FAQ zu diesem Wiki
Was versteht ihr unter einem „Wiki für Fachwissen“ - eine Linksammlung o.ä.? Das fände ich durchaus spannend und nützlich. Man könnte z.B. bzgl. verschiedener Fachthemen Praxis- und Forschungsberichte, wissenschaftliche und privatwirtschaftliche Einrichtungen, fachbezogene Publikationen (Bücher, Journals etc.) oder andere „Fachplattformen“ verlinken.
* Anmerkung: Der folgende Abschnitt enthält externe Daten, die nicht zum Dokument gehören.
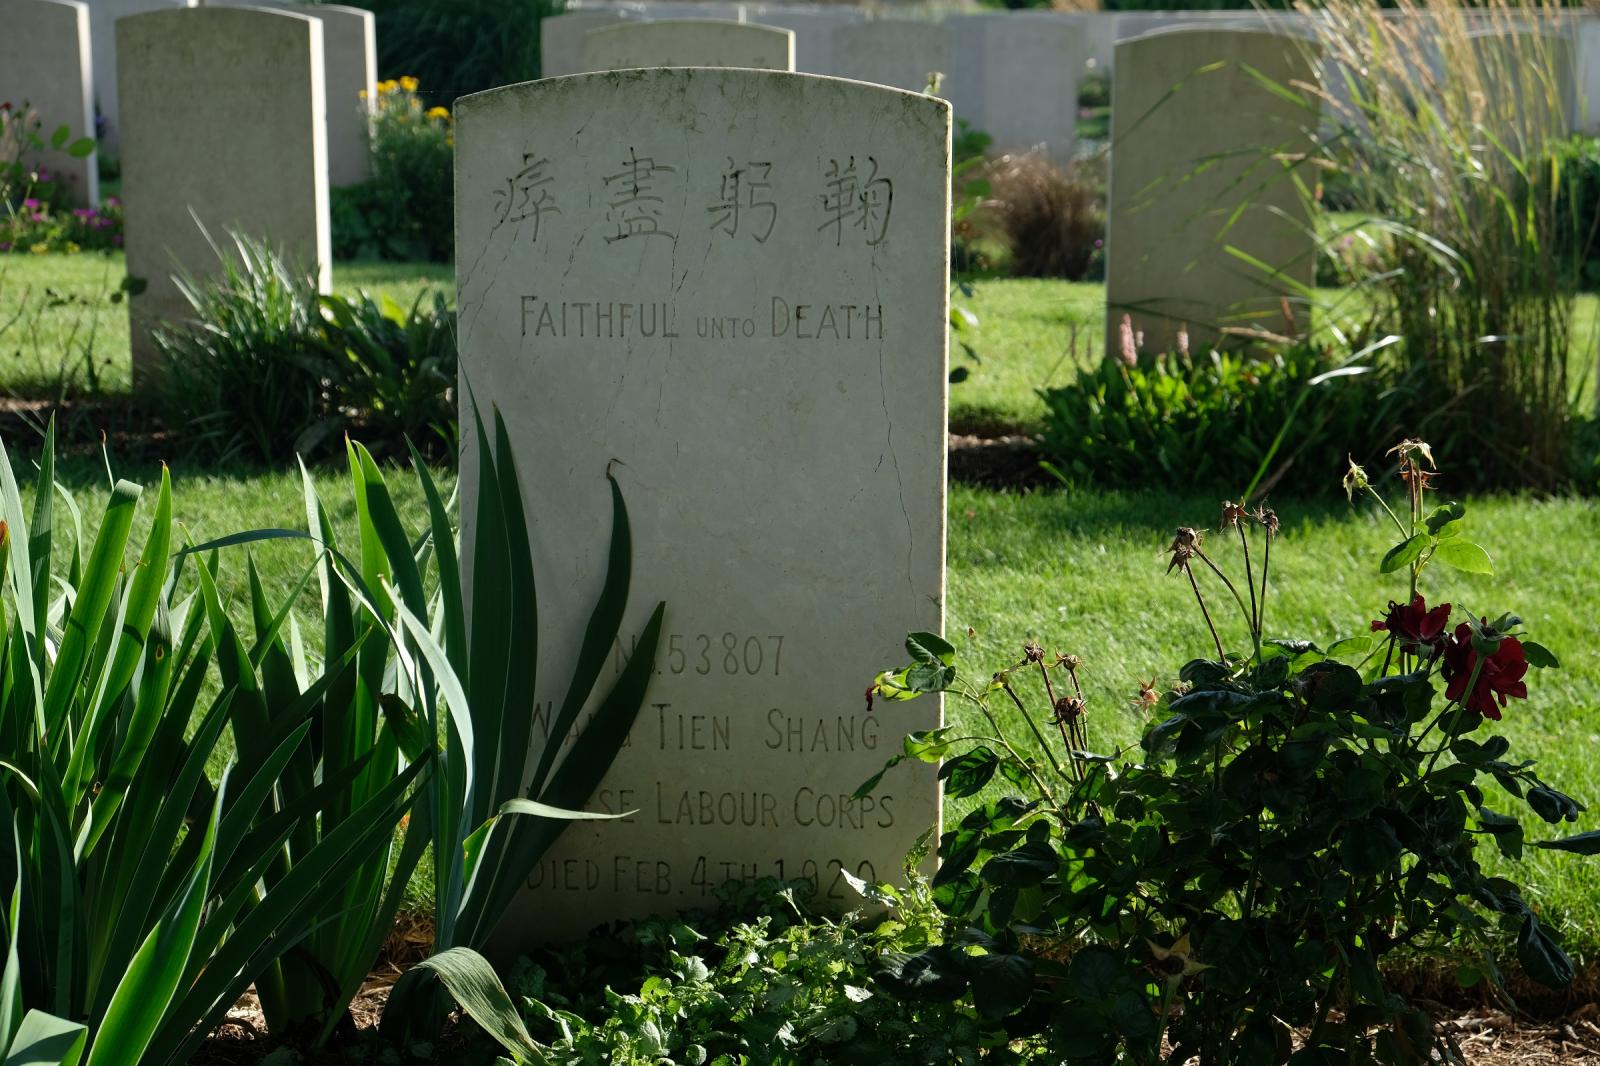 Somme/Mémoire - Le cimetière chinois de Noyelles sur Mer

- Ja, in diese Richtung soll es gehen – Wissen konservieren, in einen Zusammenhang bringen, kommentieren und erweitern. Das Wiki ist dabei mehr ein Arbeitsmittel als eine Publikationsform. Wenn es anderswo gute Quellen gibt, kann eine Linksammlung vollkommen ausreichend sein. Wir können auch Abstracts und Howtows schreiben, Fragen diskutieren, Meinungen und Fakten in kleinen Artikeln zusammenfassen, Checklisten und ähnliches zusammentragen – je nachdem, wie groß das Interesse und der Bedarf zu einem Thema sind.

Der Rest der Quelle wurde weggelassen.